Before that, in 190ff, the args are massaged.
If args
is not a dict
, we map(db.literal, args)
, which happens to be defined in
connections.py:266
.
The function escapes the arg using the proper encoding required.
It ends up using
string_literal()
,
which is defined in _mysql
, a C-language wrapper that links against libmysqlclient.so
, the C language client protocol library.

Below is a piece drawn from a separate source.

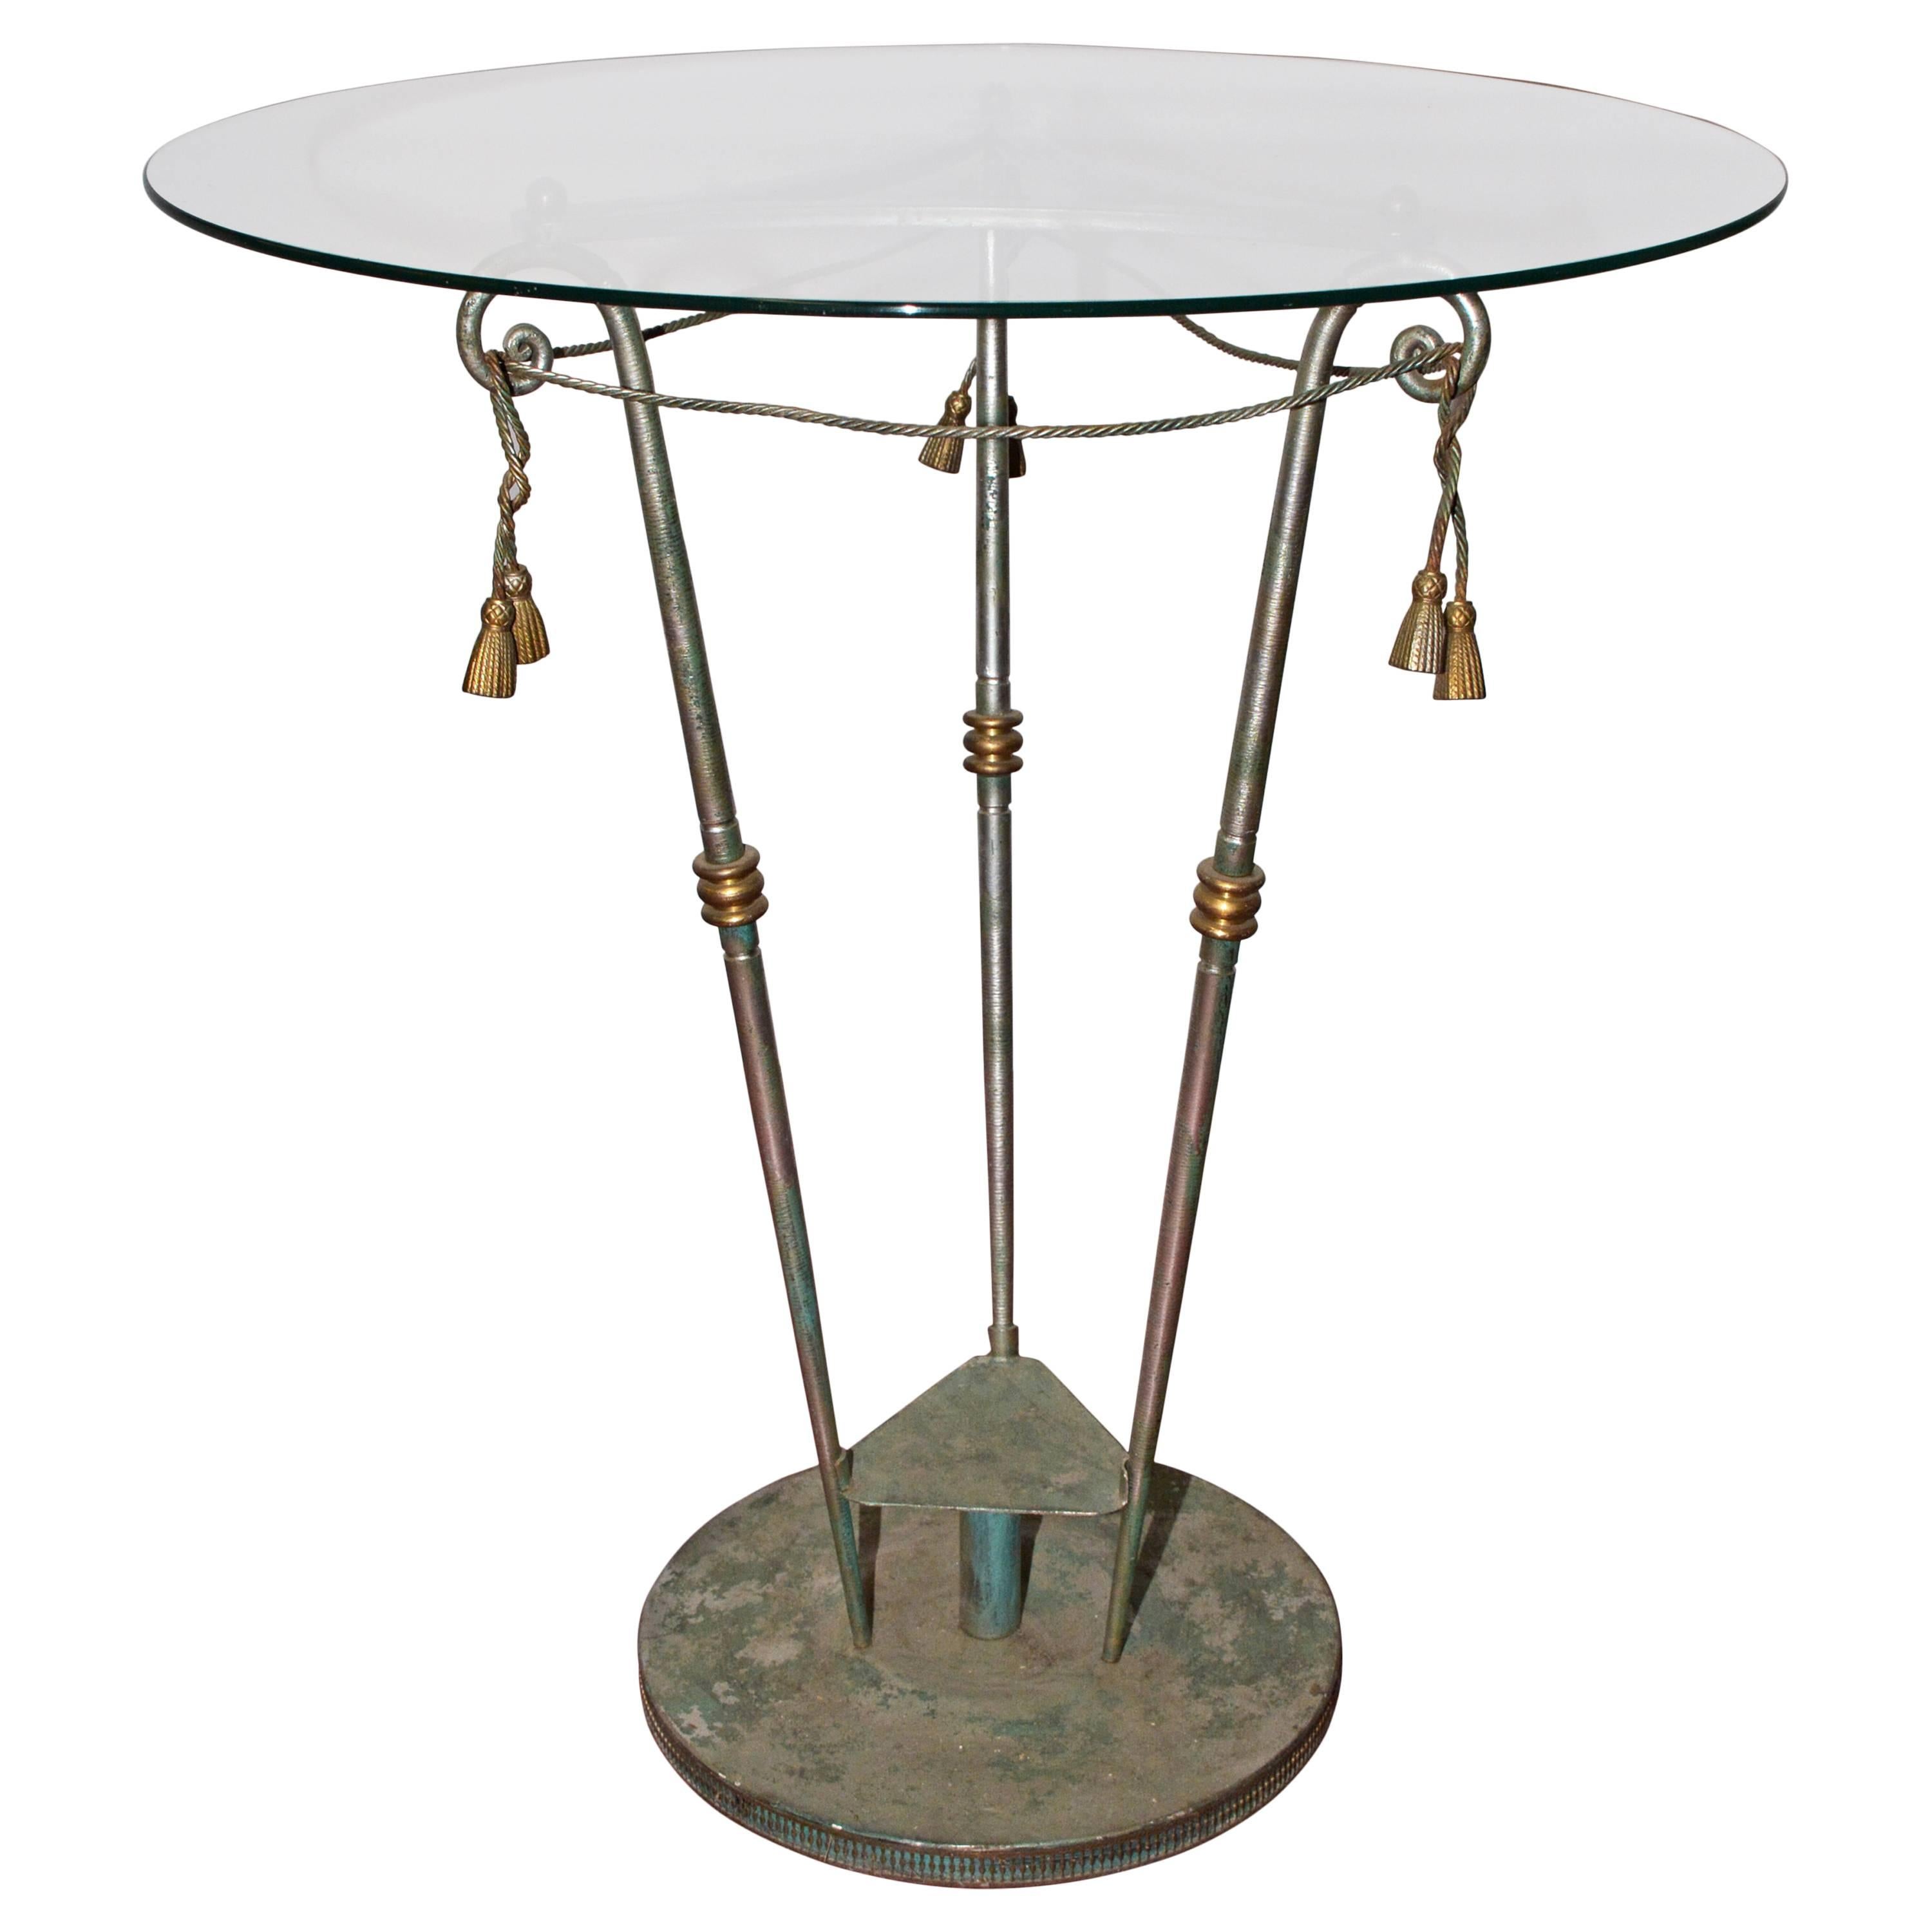 Neoclassical Iron and Glass Center Table

And that in turn ends up being a call to
mysql_real_escape_string_quote()
,
which is the appropriate function for this.
For dicts
, similarly, the items are being enumerated and then db.literal()
is applied.
So this is proven to work, and it uses the recommended escape function on parameters for MySQL.
Debugging
We do hand the query off to
self._query()
in the end. And that does the following:
def _query(self, q):
db = self._get_db()
self._result = None
db.query(q)
self._do_get_result(db)
self._post_get_result()
self._executed = q
return self.rowcount
That it, it fetches the existing database connection db, sends off the query and fetches and processes the result (so that you can call cursor.fetchall()
or similar on it).
It also remembers the query string in cursor._executed
, but only after the query ran without error.

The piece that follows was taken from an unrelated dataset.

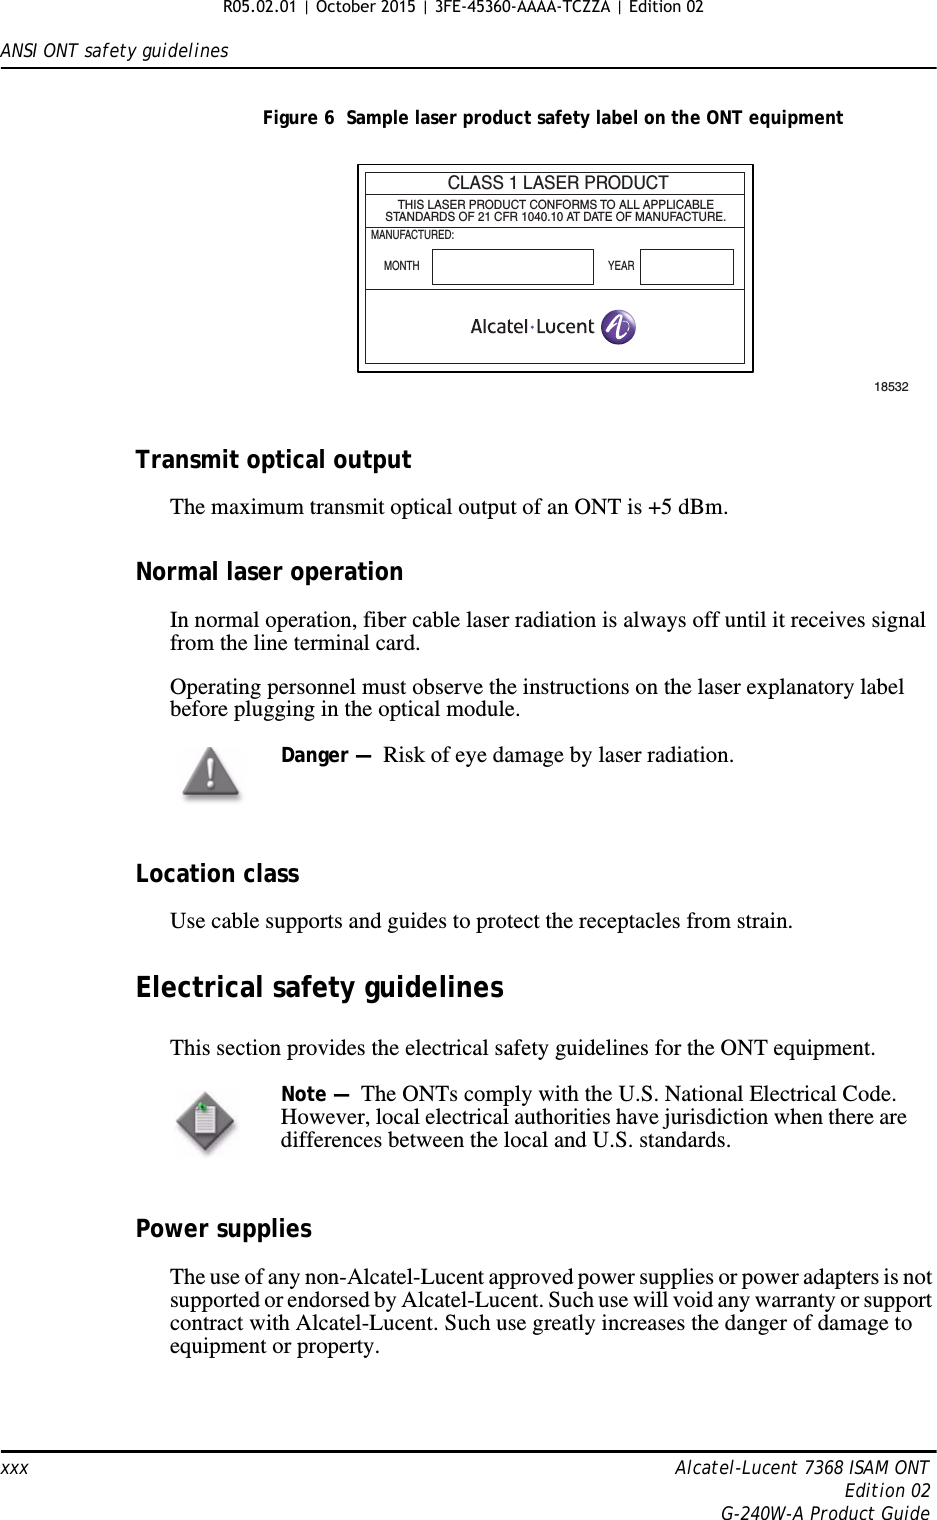 ANSI ONT safety guidelinesxxx Alcatel-Lucent 7368 ISAM ONTEdition 02G-240W-A Product GuideFigure 6  Sample laser product safety label on the ONT equipmentTransmit optical outputThe maximum transmit optical output of an ONT is +5 dBm.Normal laser operationIn normal operation, fiber cable laser radiation is always off until it receives signal from the line terminal card.Operating personnel must observe the instructions on the laser explanatory label before plugging in the optical module.Location classUse cable supports and guides to protect the receptacles from strain.Electrical safety guidelinesThis section provides the electrical safety guidelines for the ONT equipment.Power suppliesThe use of any non-Alcatel-Lucent approved power supplies or power adapters is not supported or endorsed by Alcatel-Lucent. Such use will void any warranty or support contract with Alcatel-Lucent. Such use greatly increases the danger of damage to equipment or property.CLASS 1 LASER PRODUCTTHIS LASER PRODUCT CONFORMS TO ALL APPLICABLESTANDARDS OF 21 CFR 1040.10 AT DATE OF MANUFACTURE.MANUFACTURED:MONTH YEAR18532Danger —  Risk of eye damage by laser radiation.Note —  The ONTs comply with the U.S. National Electrical Code. However, local electrical authorities have jurisdiction when there are differences between the local and U.S. standards. R05.02.01 | October 2015 | 3FE-45360-AAAA-TCZZA | Edition 02

And finally, it returns the rowcount.
We could debug by printing cursor._executed
, but only if we don’t need to debug and the query actually ran.
That is, because the assignment happens only after the db.query()
, which in turn will throw an exception if there is a problem with our SQL.
So in order to actually debug, we need to do better:
We can specify a cursorclass=
anyway, as a connection parameter.
We make our own cursorclass, DebugCursor
, which we let inherit from our cursor class of choice.
I happen to be partial to DictCursor
, so I inherit from that.
In my DebugCursor
, I simply override _query()
, log the query string and hand off things otherwise unchanged to the superclass.
Because I do that before everything else, I get my log sent before stuff catches fire and my code burns to the ground.
That way I get to see the replaced SQL before it runs, even it if is gibberish. So I can actually see that
sql = "select d from insert_test where d in ( %(ary)s )"
c = db.cursor()
c.execute(sql, {"ary": ary})
in which I supply my own parens, turns into
$ python3 prep.py query
['eins', 'zwei', 'drei', 'zw"ei', 'dr\\ei']
Debug: b'select d from insert_test where d in ( (\'eins\',\'zwei\',\'drei\',\'zw\\"ei\',\'dr\\\\ei\') )'
Traceback (most recent call last):
File "prep.py", line 54, in <module>
while without those extra parens I get
$ python3 prep.py query
['eins', 'zwei', 'drei', 'zw"ei', 'dr\\ei']
Debug: b'select d from insert_test where d in (\'eins\',\'zwei\',\'drei\',\'zw\\"ei\',\'dr\\\\ei\')'
{'d': 'eins'}
{'d': 'zwei'}
{'d': 'drei'}
{'d': 'zw"ei'}
{'d': 'dr\\ei'}
and so I get to actually see that all is fine and well, and properly escaped.